Pawitan Yudi, Calza Stefano, Ploner Alexander
Department of Medical Epidemiology and Biostatistics, Karolinska Institutet, Stockholm, Sweden.
Bioinformatics. 2006 Dec 15;22(24):3025-31. doi: 10.1093/bioinformatics/btl527. Epub 2006 Oct 17.
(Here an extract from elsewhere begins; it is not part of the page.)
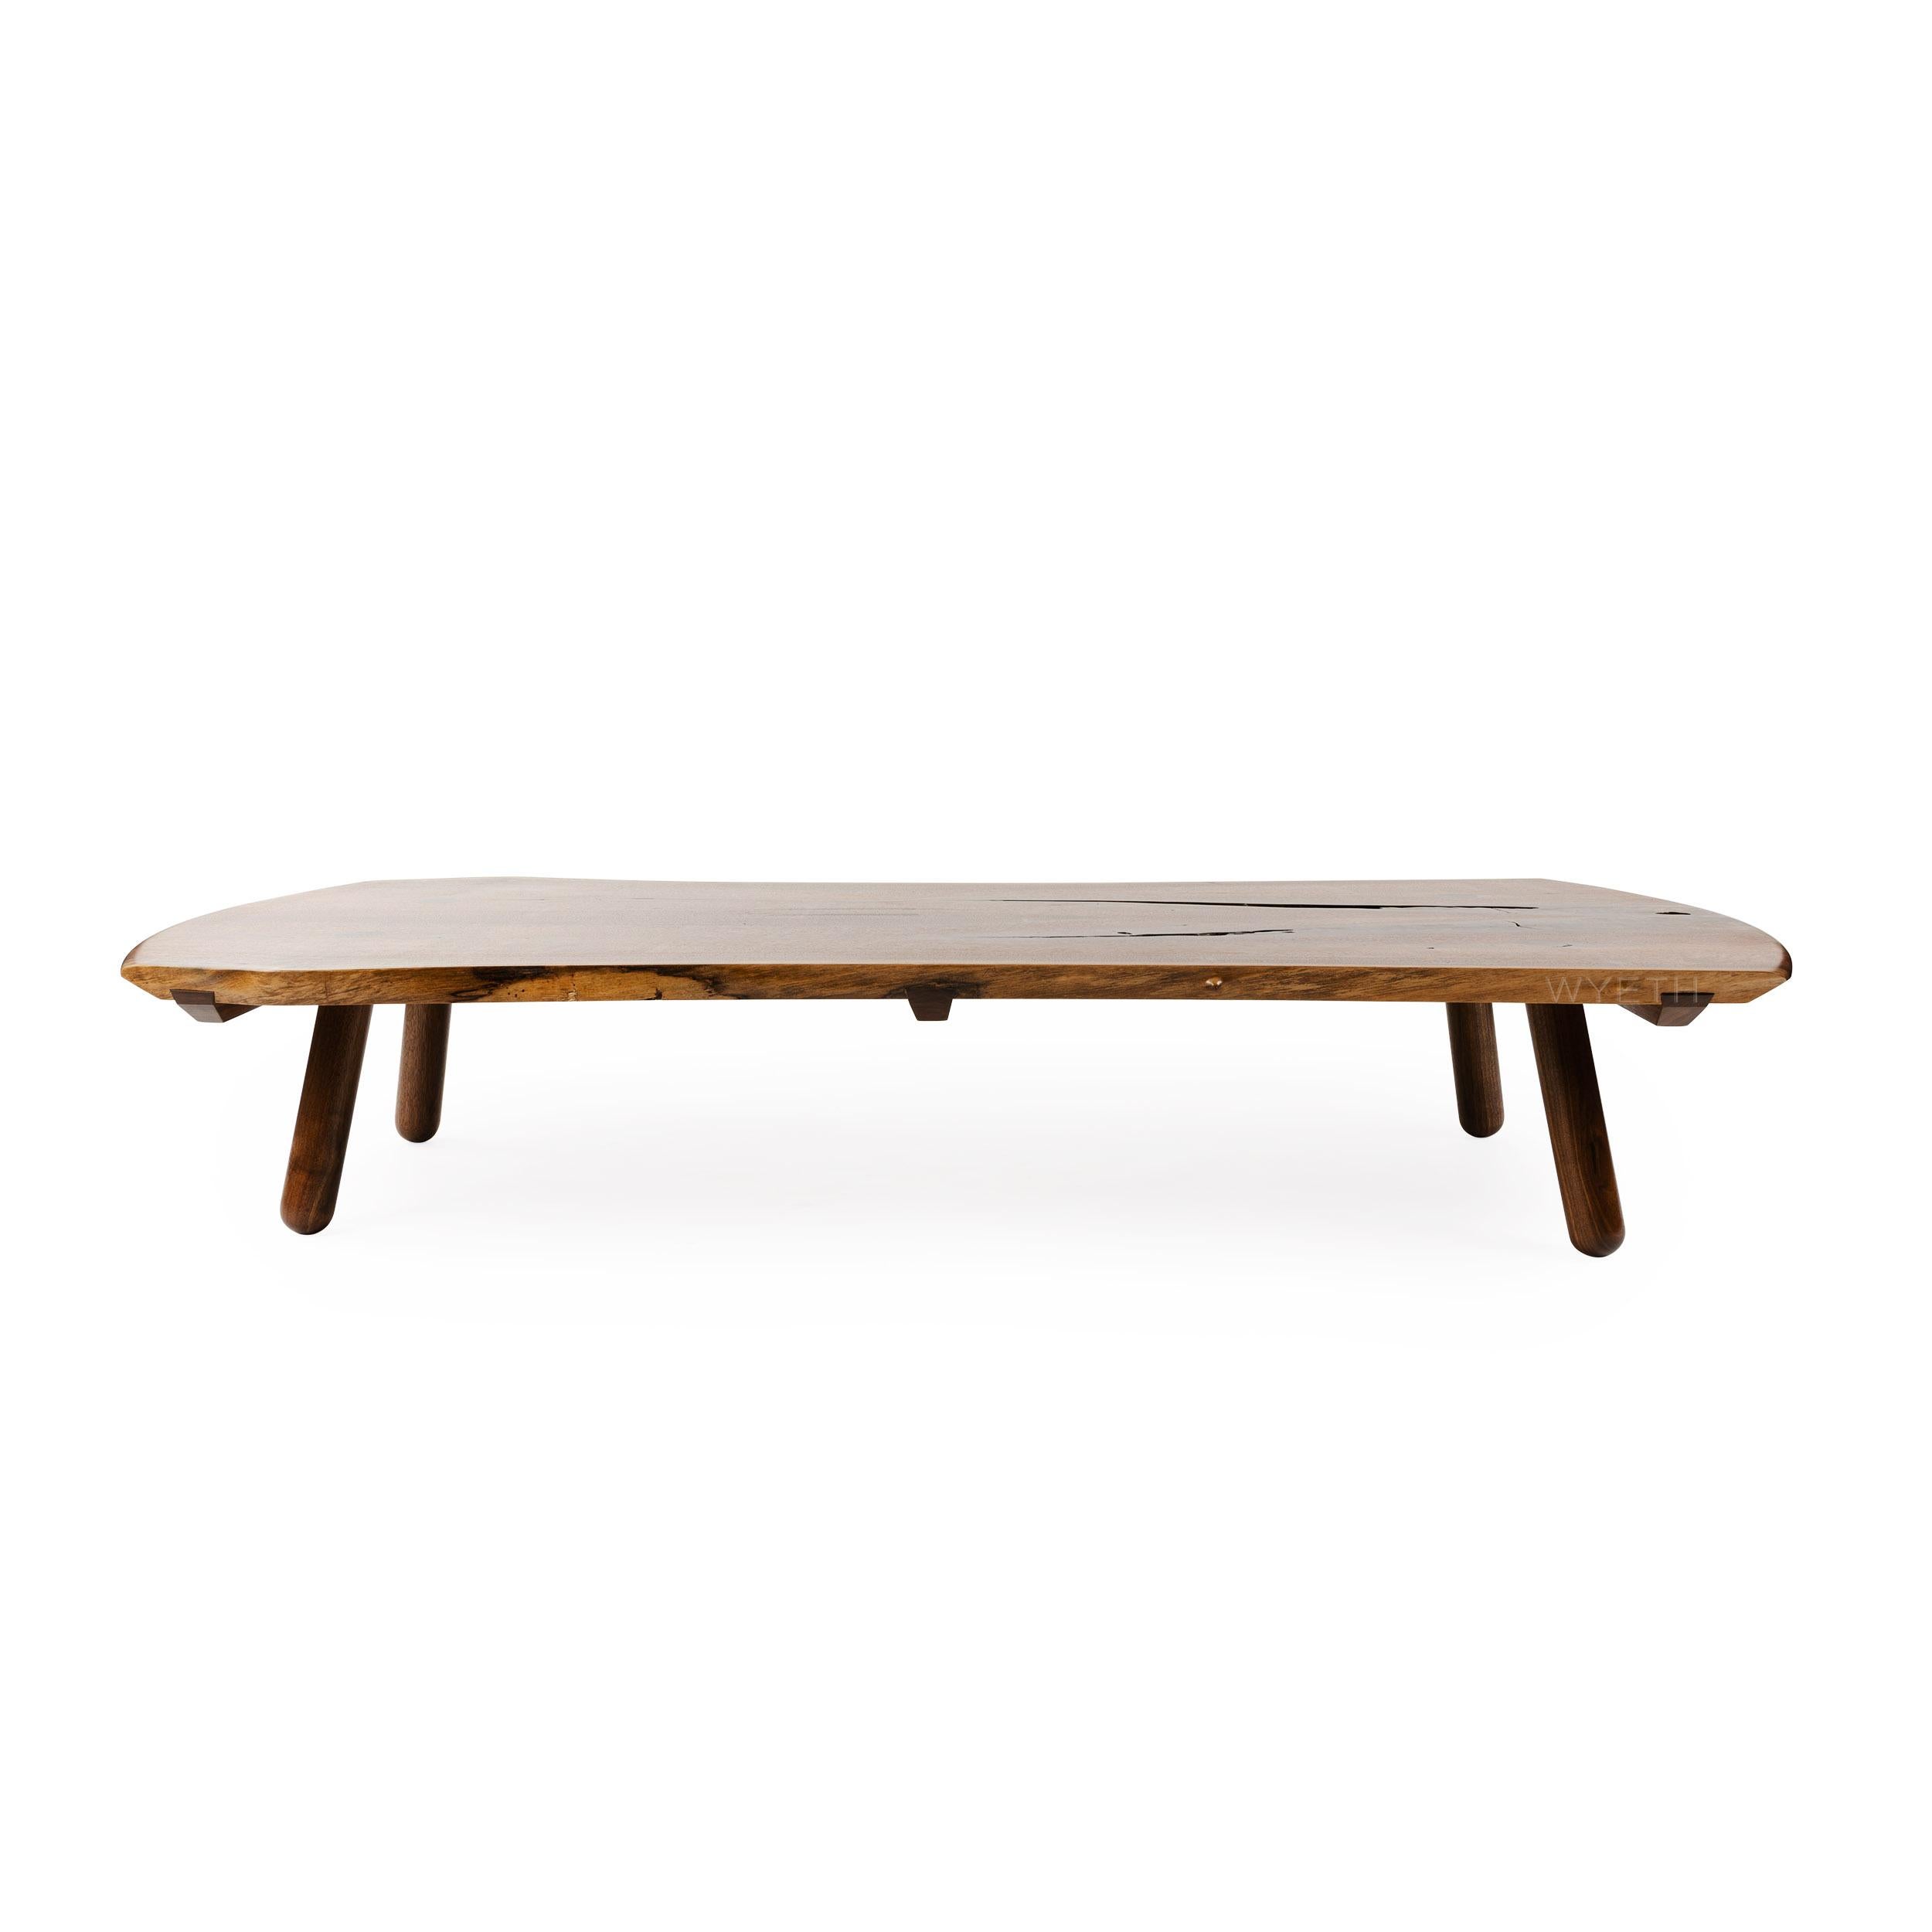 A unique handmade low coffee / cocktail table in bookmatched solid walnut with a rectangular form. The top consists of two (2) solid boards joined together with sliding dovetail stretchers and exposed natural edges. Four (4) substantial turned legs

Wide-scale correlations between genes are commonly observed in gene expression data, due to both biological and technical reasons. These correlations increase the variability of the standard estimate of the false discovery rate (FDR). We highlight the false discovery proportion (FDP, instead of the FDR) as the suitable quantity for assessing differential expression in microarray data, demonstrate the deleterious effects of correlation on FDP estimation and propose an improved estimation method that accounts for the correlations.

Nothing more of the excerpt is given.